■ Data shown
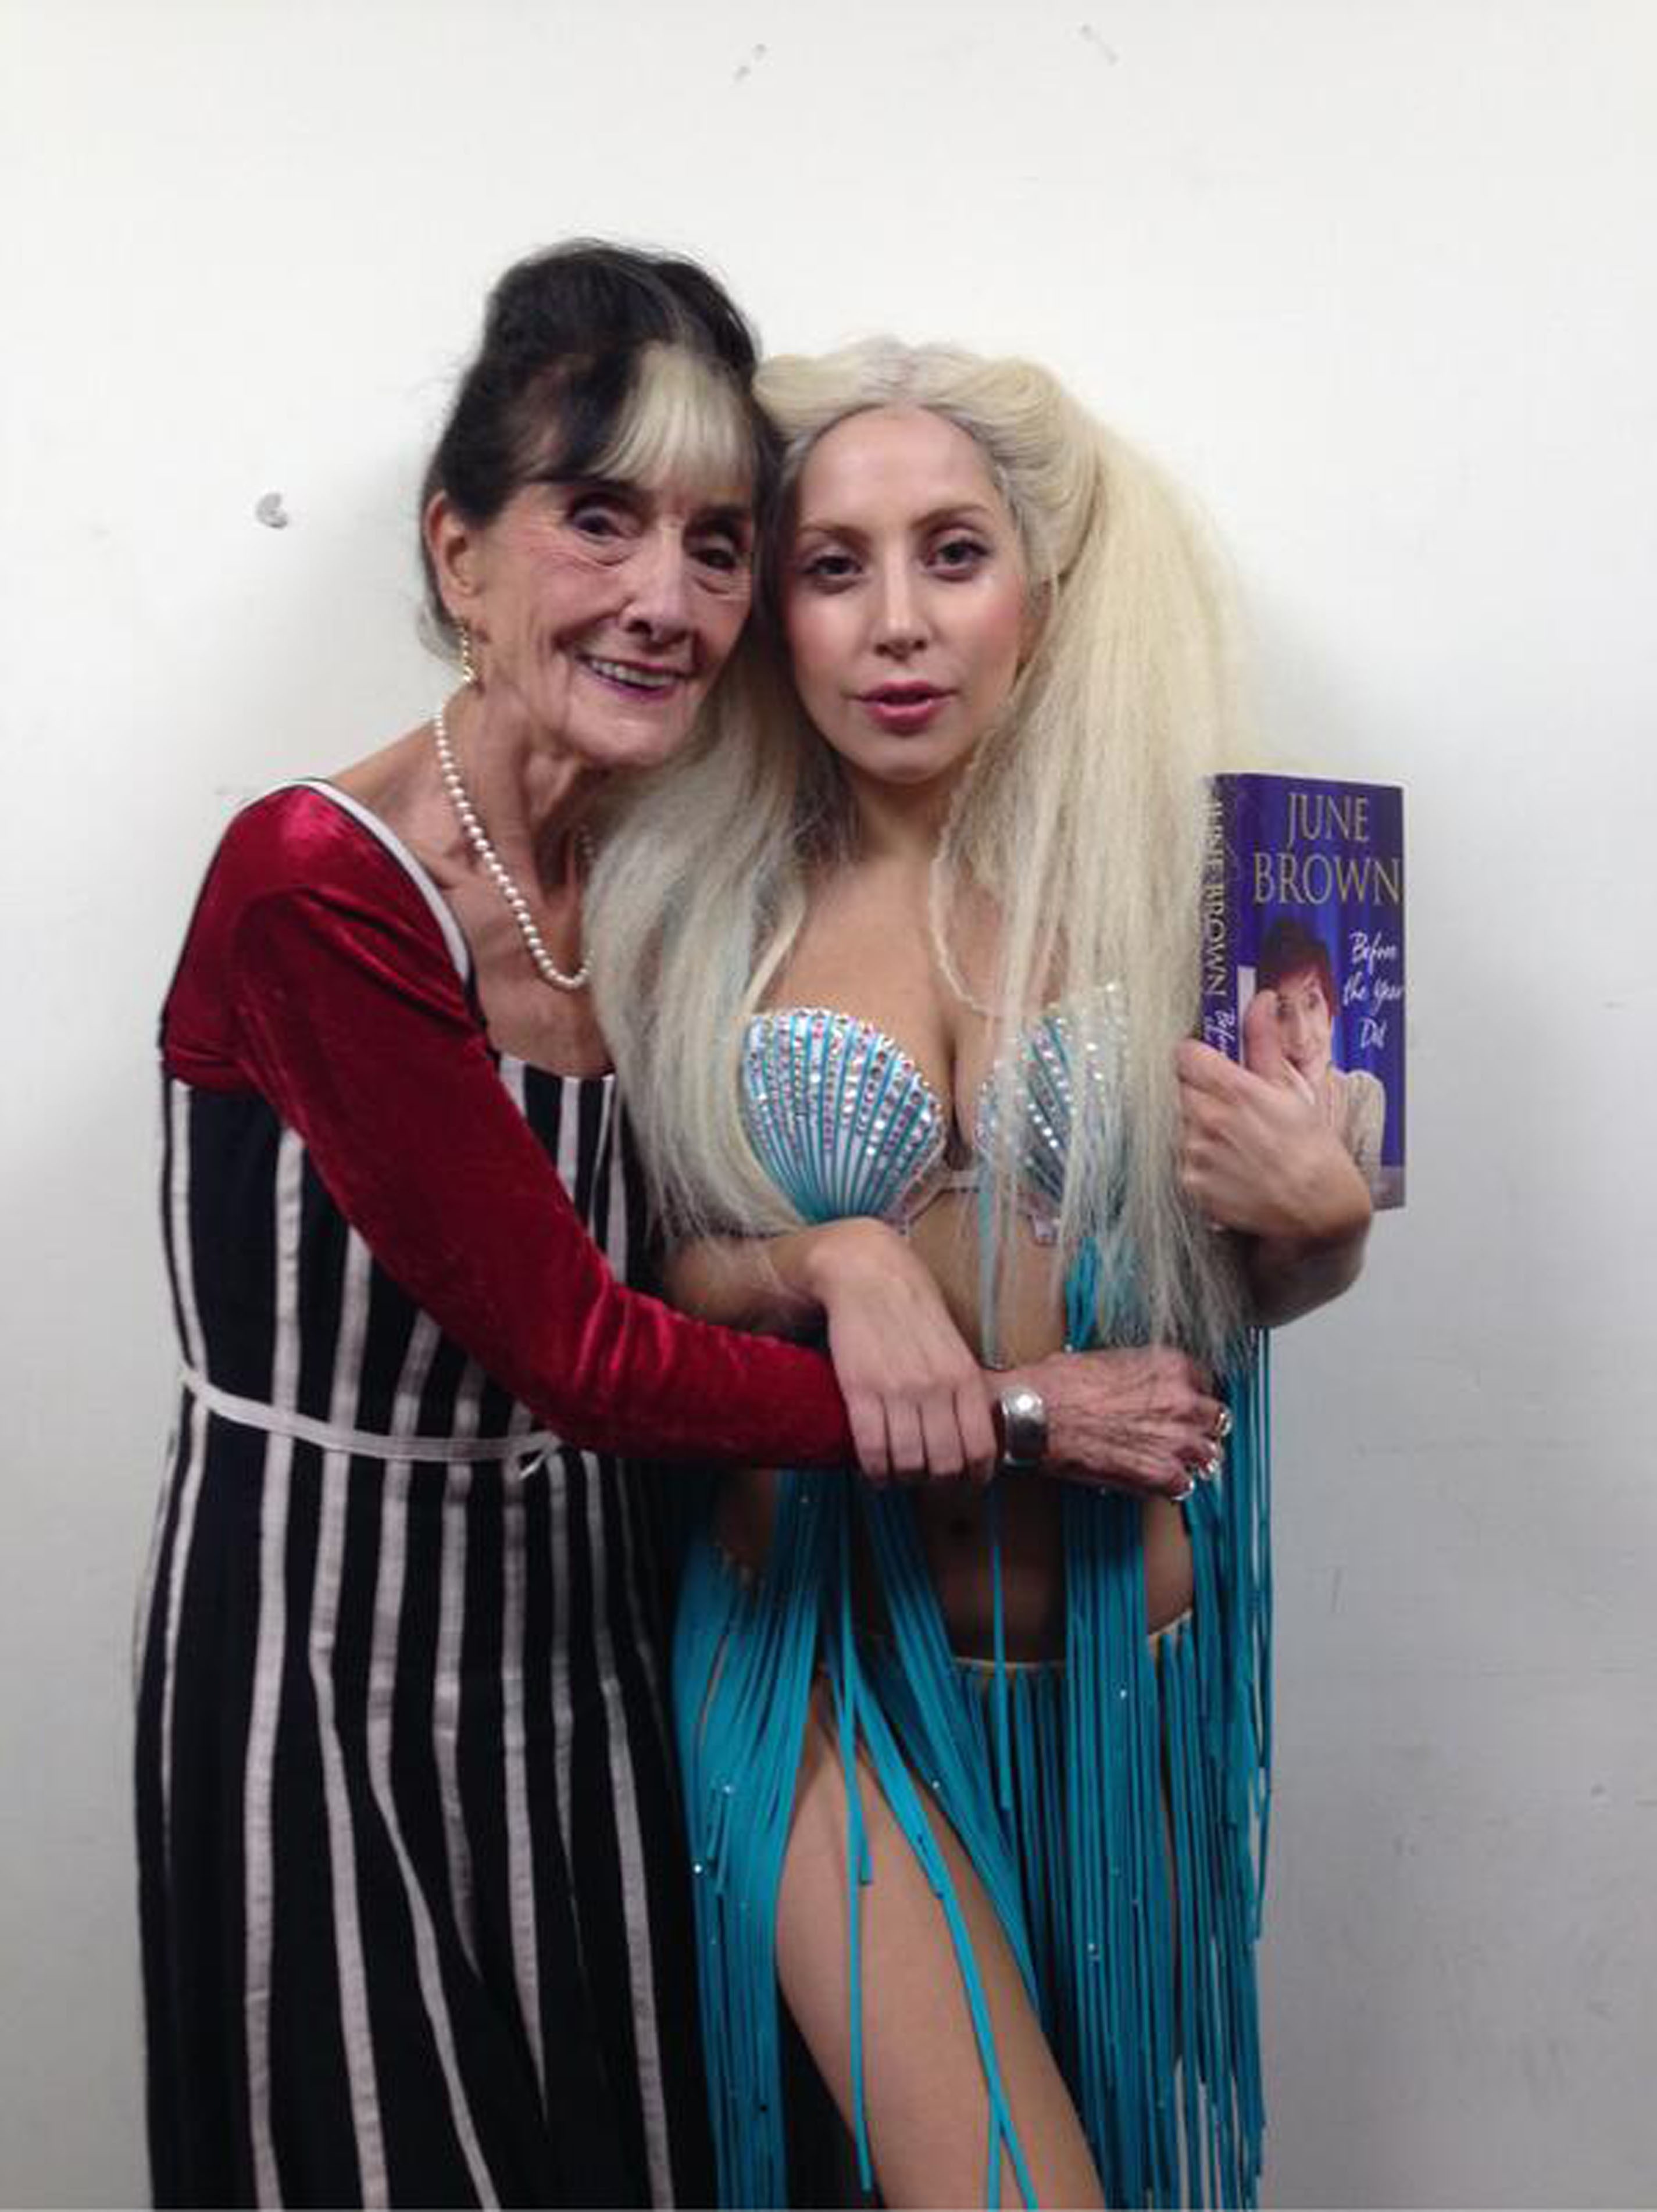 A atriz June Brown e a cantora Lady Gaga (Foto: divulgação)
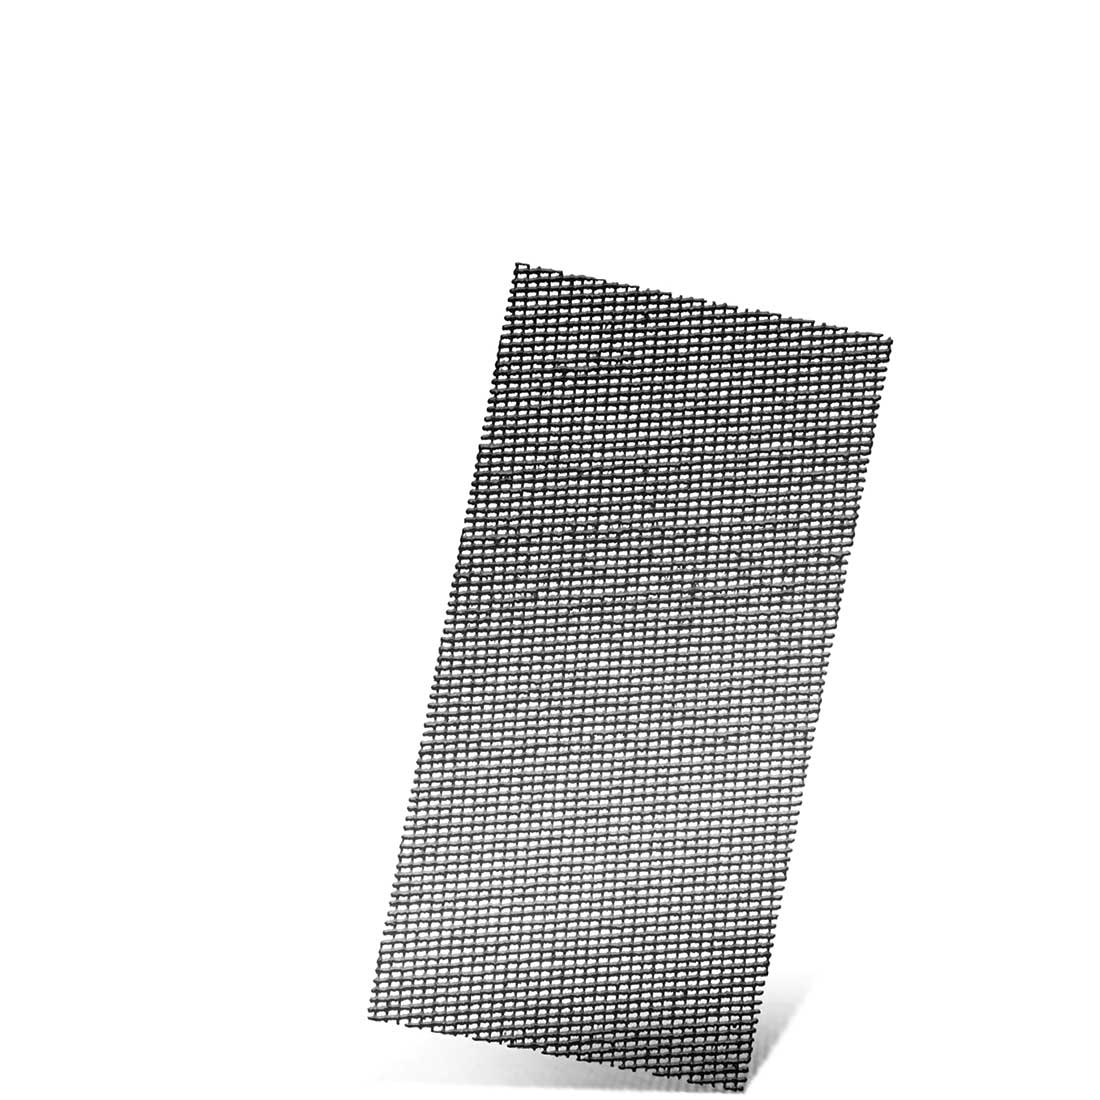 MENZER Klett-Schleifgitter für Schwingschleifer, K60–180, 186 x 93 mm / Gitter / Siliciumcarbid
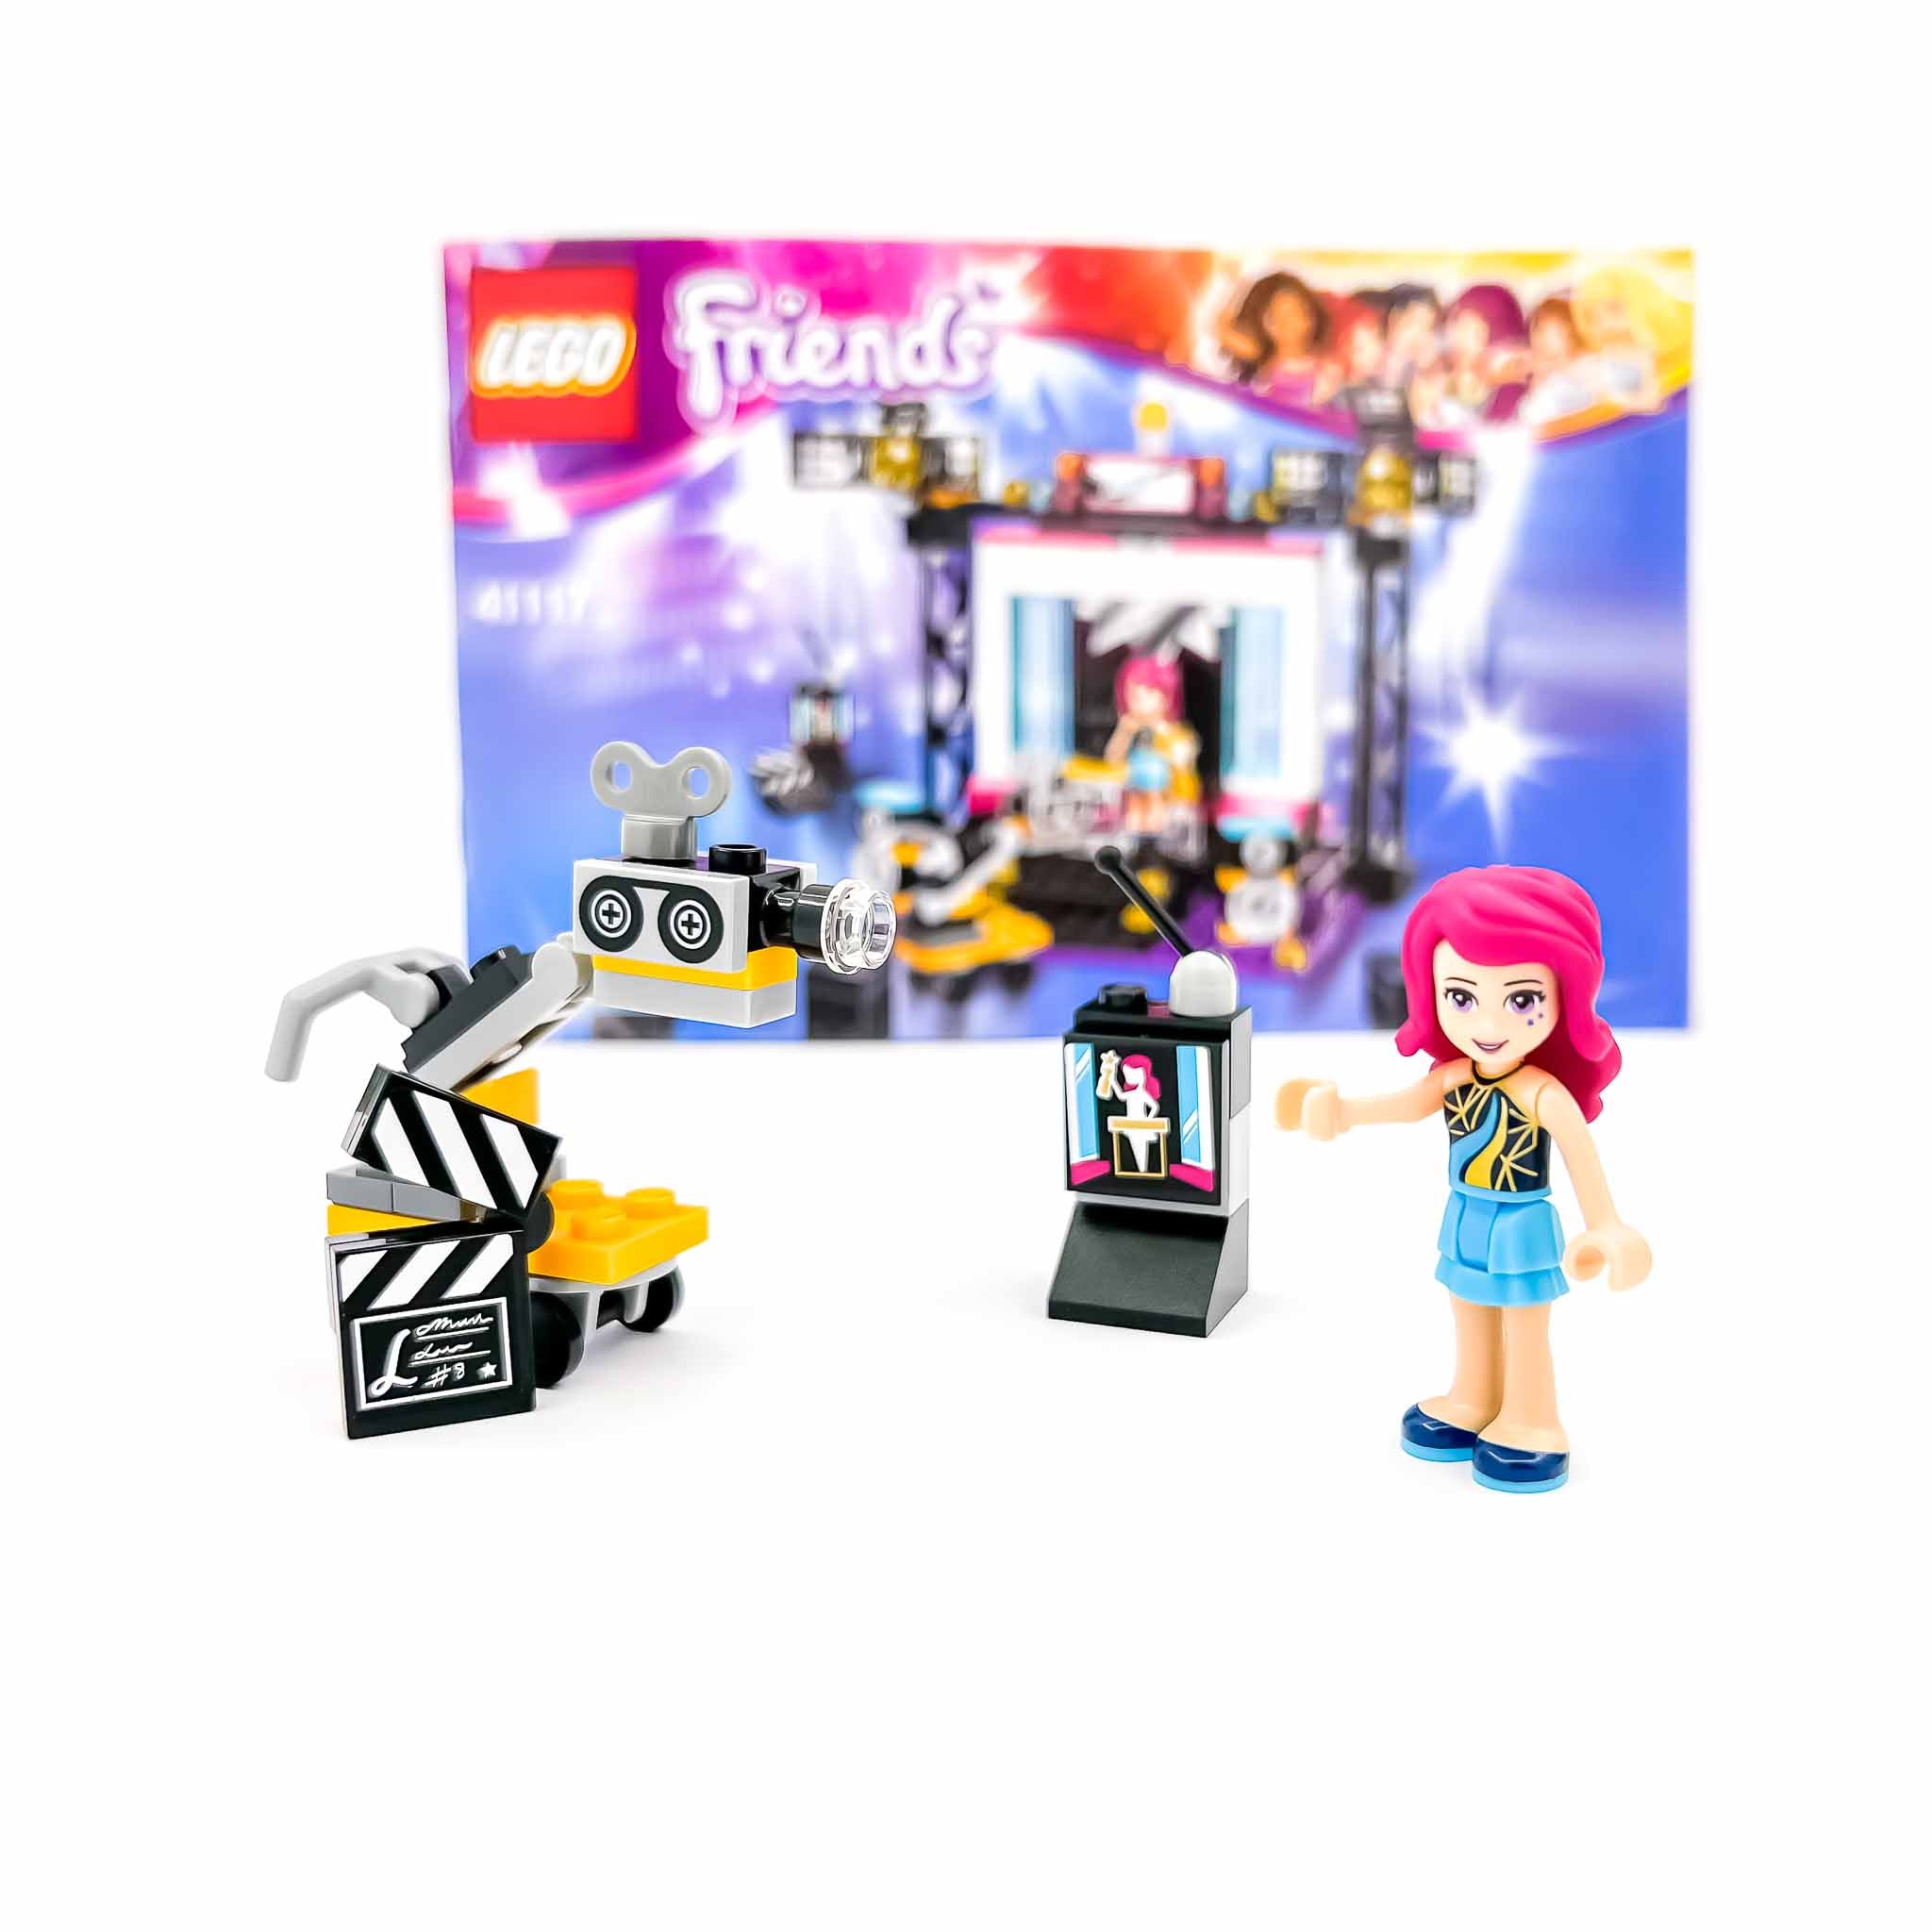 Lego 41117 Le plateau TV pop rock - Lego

■ Assignment
Every line of the listing above is to be set down verbatim, without the pictures.

■ Output below
 A atriz June Brown e a cantora Lady Gaga (Foto: divulgação)
 MENZER Klett-Schleifgitter für Schwingschleifer, K60–180, 186 x 93 mm / Gitter / Siliciumcarbid
 Lego 41117 Le plateau TV pop rock - Lego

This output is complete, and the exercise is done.